2. ...The combustible is added in such a way, that no increase in temperature of the gases, consequent upon the process of combustion, takes place, .... After ignition, combustion should not be left to itself, but be regulated by an external arrangement, maintaining the right proportion between the pressures, volumes, and temperatures.
   
   
3. Correct choice of the proper weight of air ... in proportion to the heat value ... of the combustible...

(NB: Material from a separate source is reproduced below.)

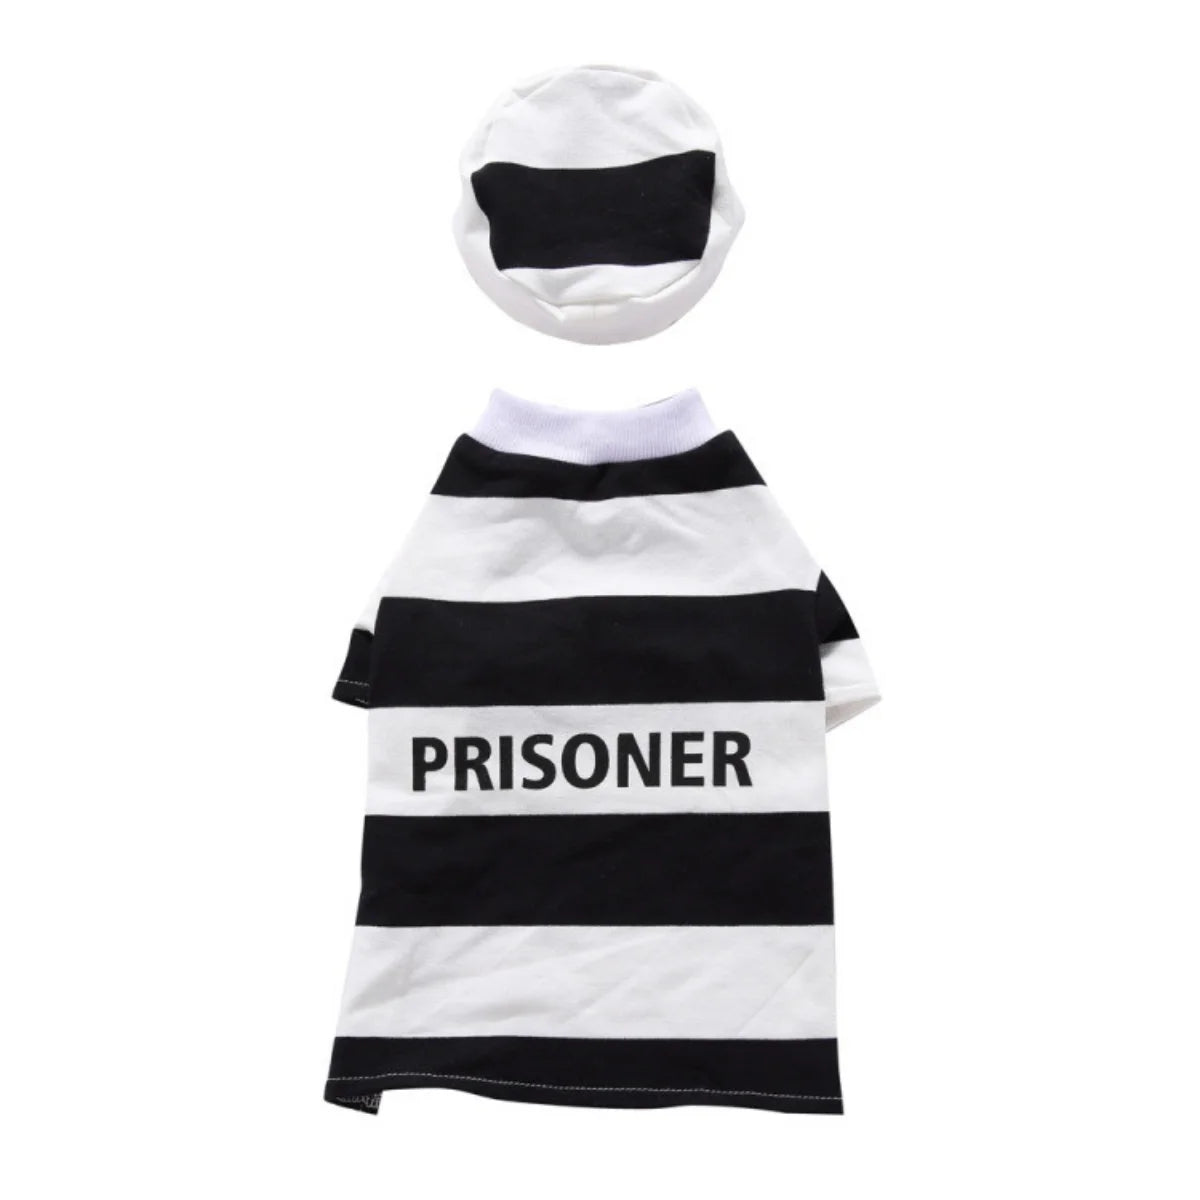 Vetopia Costume - Prisoner

In sum:   transfer heat at a constant high temperature into the working fluid.   Or, restated:   depending on its heat value, inject fuel at a rate, after it autoignites and burns, to maintain the air at the high temperature to which it was raised by compression.   For efficiency approaching the Carnot maximum theoretical limit within a real heat engine, Diesel suggested the following thermodynamic cycle.   The letters A, B, C, and D refer to the real engine cycle while the numerals 1, 2, 3, and 4 refer to the thermodynamic processes for the constant temperature cycle on the right of the comparison diagram.

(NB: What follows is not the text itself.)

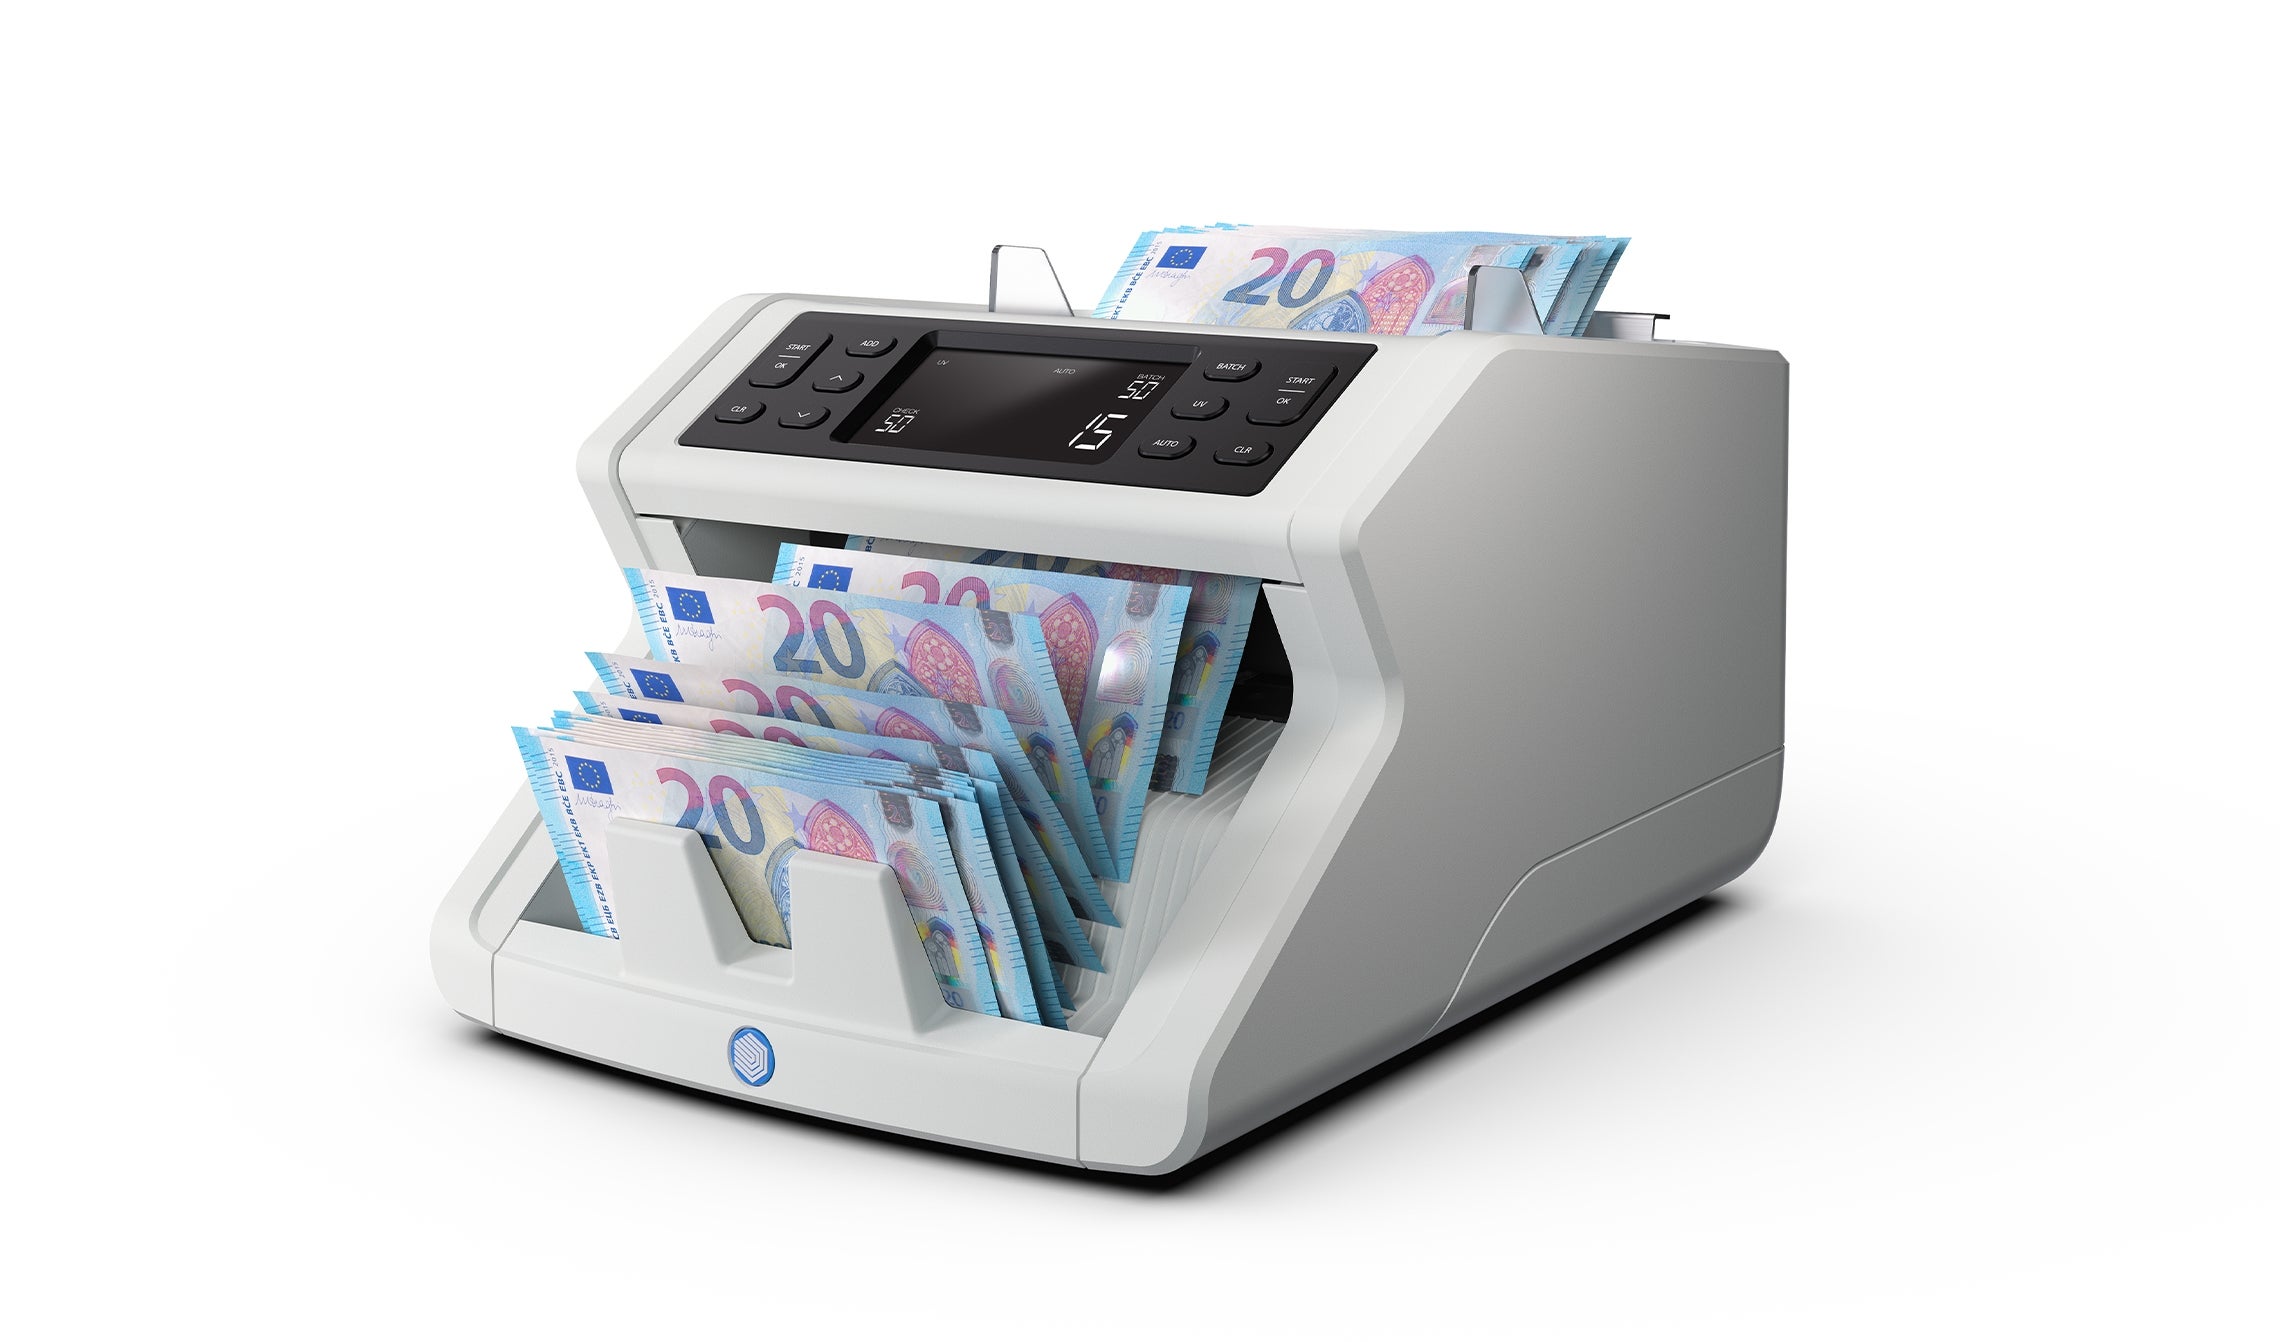 Conta Banconote automatico Safescan 2210 Professionale

• Engine cycle piston stroke A:   fresh air intake.   The expended gas working fluid of the previous cycle is replaced.
  
  
• Engine cycle piston stroke B:   compression stroke.
  
  
  1. Thermodynamic cycle process 1:   transfer unusable, waste heat out of the working fluid by compressing the air at constant low temperature.   The work put into the air exactly equals the heat transferred out as the compressed air is cooled at the temperature of the intake air.
     
     
  2. Thermodynamic cycle process 2:   continue compressing the air but without rejecting heat until the air temperature is above the auto-ignition point of the selected fuel.   The temperature of the air rises from low to high.
     
     
• Engine cycle piston stroke C:   power stroke, or work output stroke.
  
  
  3. Thermodynamic cycle process 3:   transfer heat into the working fluid by "admitting the combustible gradually" at constant high temperature.   Restated, rate shape the injected fuel profile such that the temperature of the working fluid is not raised or lowered but stays the same as the heat is added by combustion of the fuel.   The heat transferred at constant high temperature into the gas by the combustion of the fuel exactly equals the work output as the gas expands while absorbing heat.   The rate at which a fuel is injected depends on its heating value.
     
     
  4. Thermodynamic cycle process 4:   continue expanding the gas but without rejecting heat until the gas cools to its initial temperature.   The temperature of the gas falls from high to low.
     
     
• Engine cycle piston stroke D:   exhaust stroke.   Expended gas working fluid is expelled.